6.3.1 Visibility and position

(1) Artworks are located in a publicly visible location, such as the building facade or on publicly accessible sites such as a building forecourt.
(2) Artworks are not located within a building foyer or lift lobby, where these areas are not permanently accessible to the members of the public.
(3) If artwork is a freestanding structure positioned in the verge, it:
(a) does not impede sightlines to unsignalled intersections, pedestrian crossings, traffic signals and bus stops;
(b) is set back a minimum of 750mm from the nominal face of kerb;
(c) maintains the building shoreline where in the City Centre;
(d) does not impede clear access to all above ground and sub-surface services in the verge.

6.3.2 Design

(1) If the completed artwork will be subjected to unsupervised physical contact, it is designed to withstand contact with an appropriate number of people, climbing, pushing or pulling at the structures.
(2) Artwork is designed to:
(a) ensure safety for members of the public from all age groups in all weather conditions;
(b) contain no protrusions which might cause injury if accidentally collided with;
(c) avoid entrapment of any part of a person (e.g. fingers);
(d) be resistant to vandalism;
(e) have low ongoing maintenance liability.
(3) A safety report is prepared in accordance with section 295 of the Work Health and Safety Regulation 2011, prior to fabrication of the artwork.
(4) Artwork has a minimum design life of 25 years.

6.3.3 Materials

(1) Materials used in artwork resist the rigours of weather, both structurally and in appearance.
(2) Materials used in artwork do not cause hazardous or nuisance light reflectivity.

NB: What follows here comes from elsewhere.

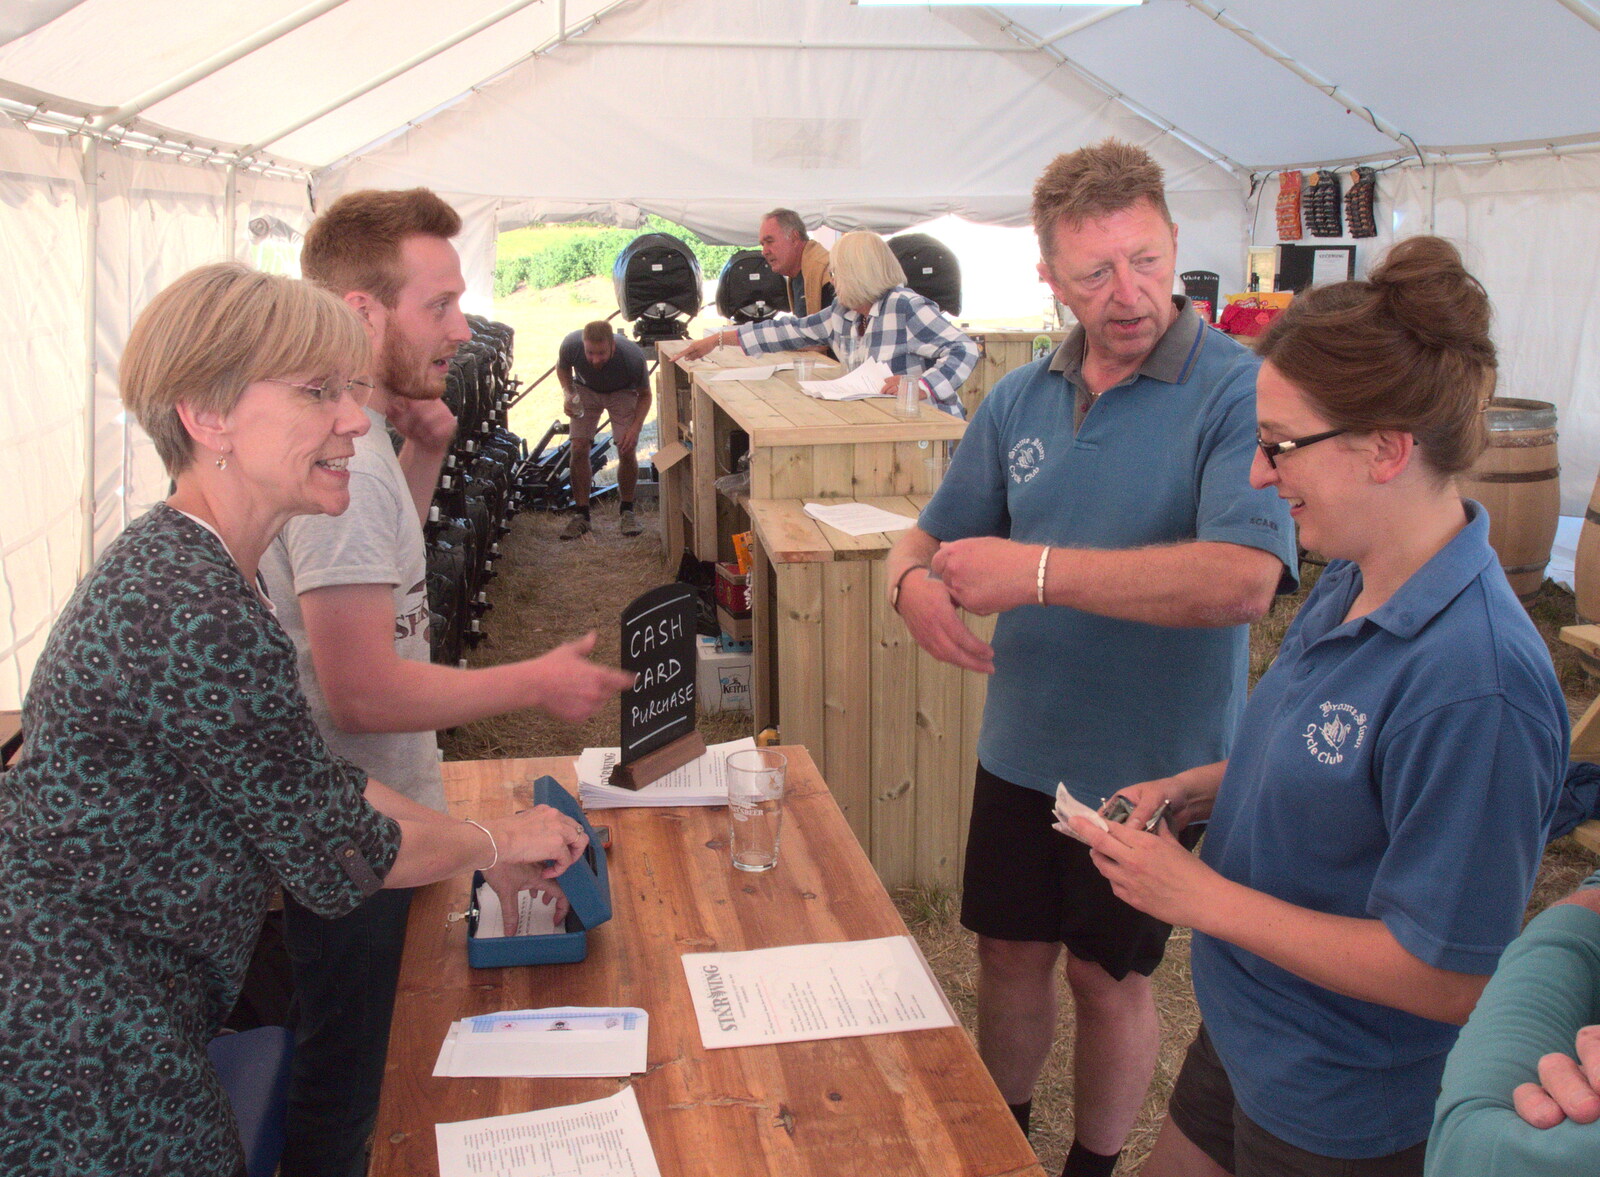 Gaz and Suey are at the bar from The BSCC Rides to Star Wing Beer Festival, Redgrave, Suffolk - 12th July 2018
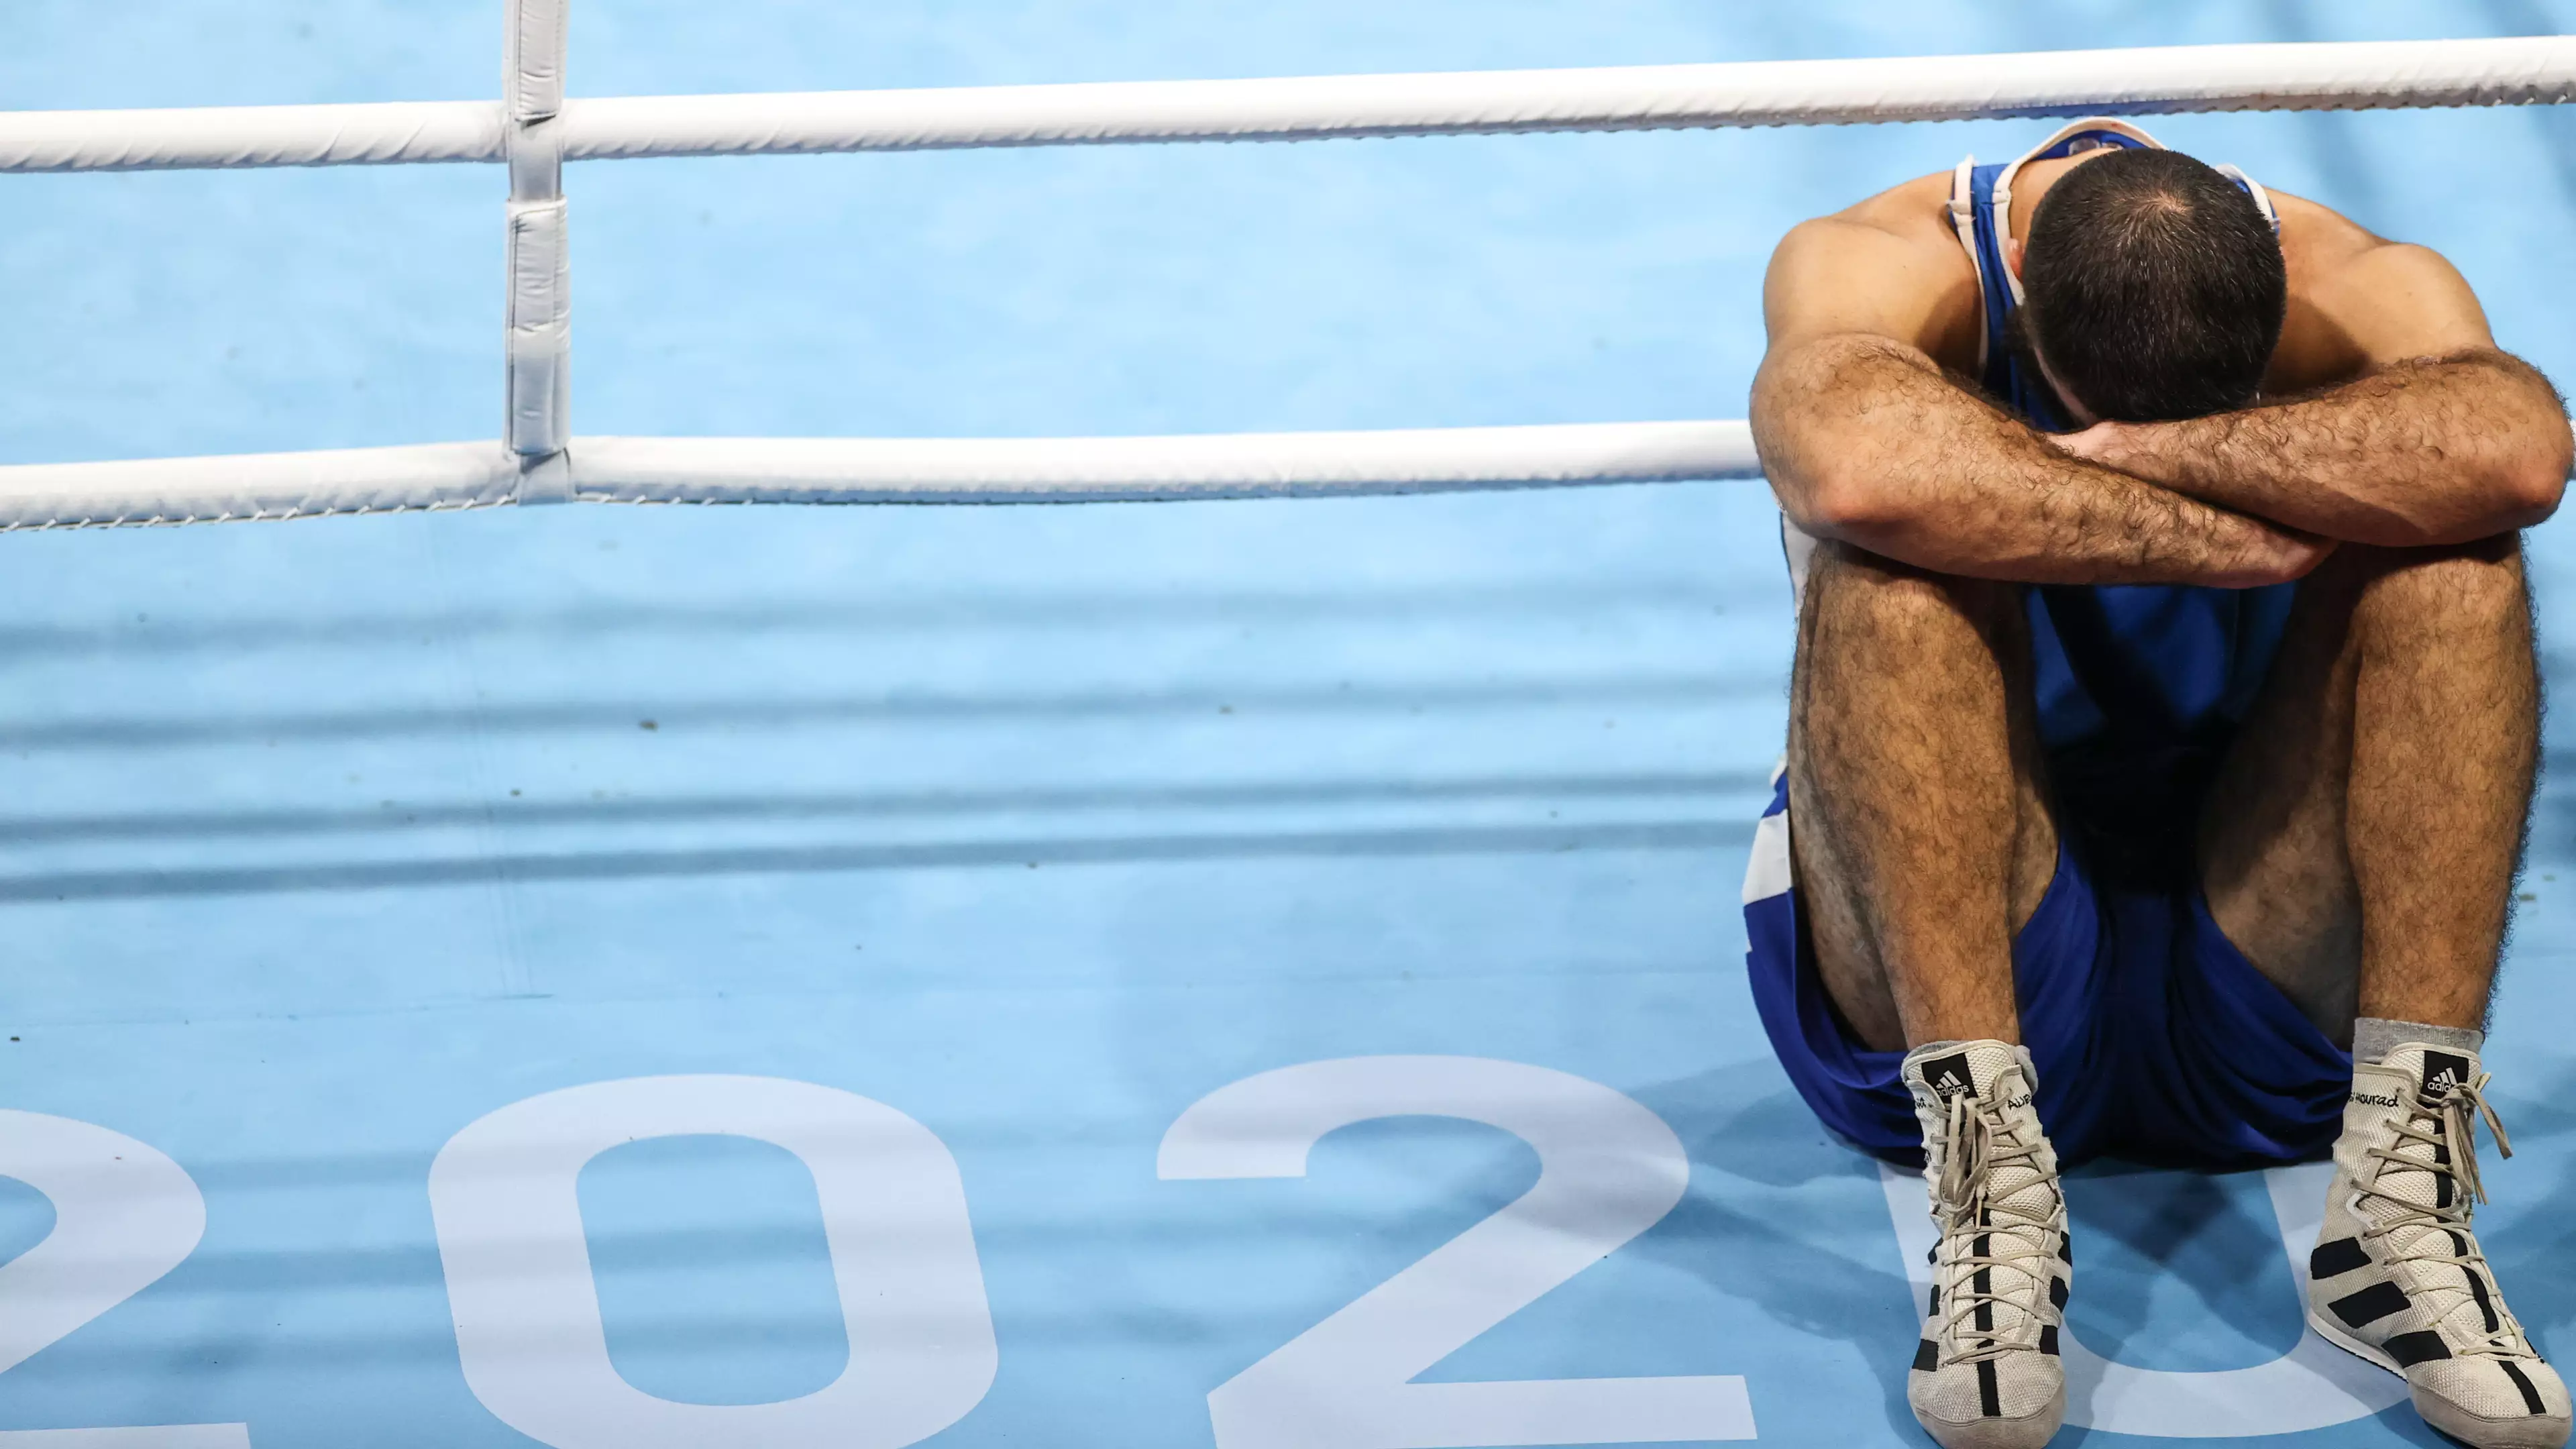 Olympic Boxer Throws Tantrum And Stages Protest After Disqualification Against British Fighter

6.3.4 Structural requirements

(1) Structural requirements are considered in the concept development stage and addressed in the design development stage.
(2) All structural components including the fixing method are certified by a Registered Professional Engineer Queensland.
(3) Wind loading is considered in the design of footings and anchoring and is certified by a Registered Professional Engineer Queensland.

6.3.5 Fabrication

(1) Artwork is fabricated according to the requirements of a Registered Professional Engineer Queensland, using quality materials and in a professional and artisan like manner.
(2) Artwork fabrication is certified by a Registered Professional Engineer Queensland.

6.3.6 Lighting to artwork

(1) If artwork is to be lit, lighting is considered separately from the requirement for pedestrian lighting.
(2) Point of supply for electricity is gained from the adjacent development site.
(3) Lighting design, including luminaire specification and placement, addresses safety considerations (e.g. low heat generation where lighting can come into contact with a person).
(4) Lighting design does not cause nuisance glare to any neighbouring residential properties.

6.3.7 Installation

(1) An artwork attribution plaque is installed with public art.
(2) An artwork attribution plaque is to be located close to the artwork, and is positioned to allow a person to read the information on the plaque.
(3) Attribution plaques mounted on a wall subject building’s frontage at 1.2m above ground level is the preferred location.

6.3.8 Maintenance

A detailed maintenance document, incorporating as-constructed drawings, installation method, cleaning and re-finishing schedule as well as a list of key contacts such as fabricator, artist and supplier is provided with the artwork.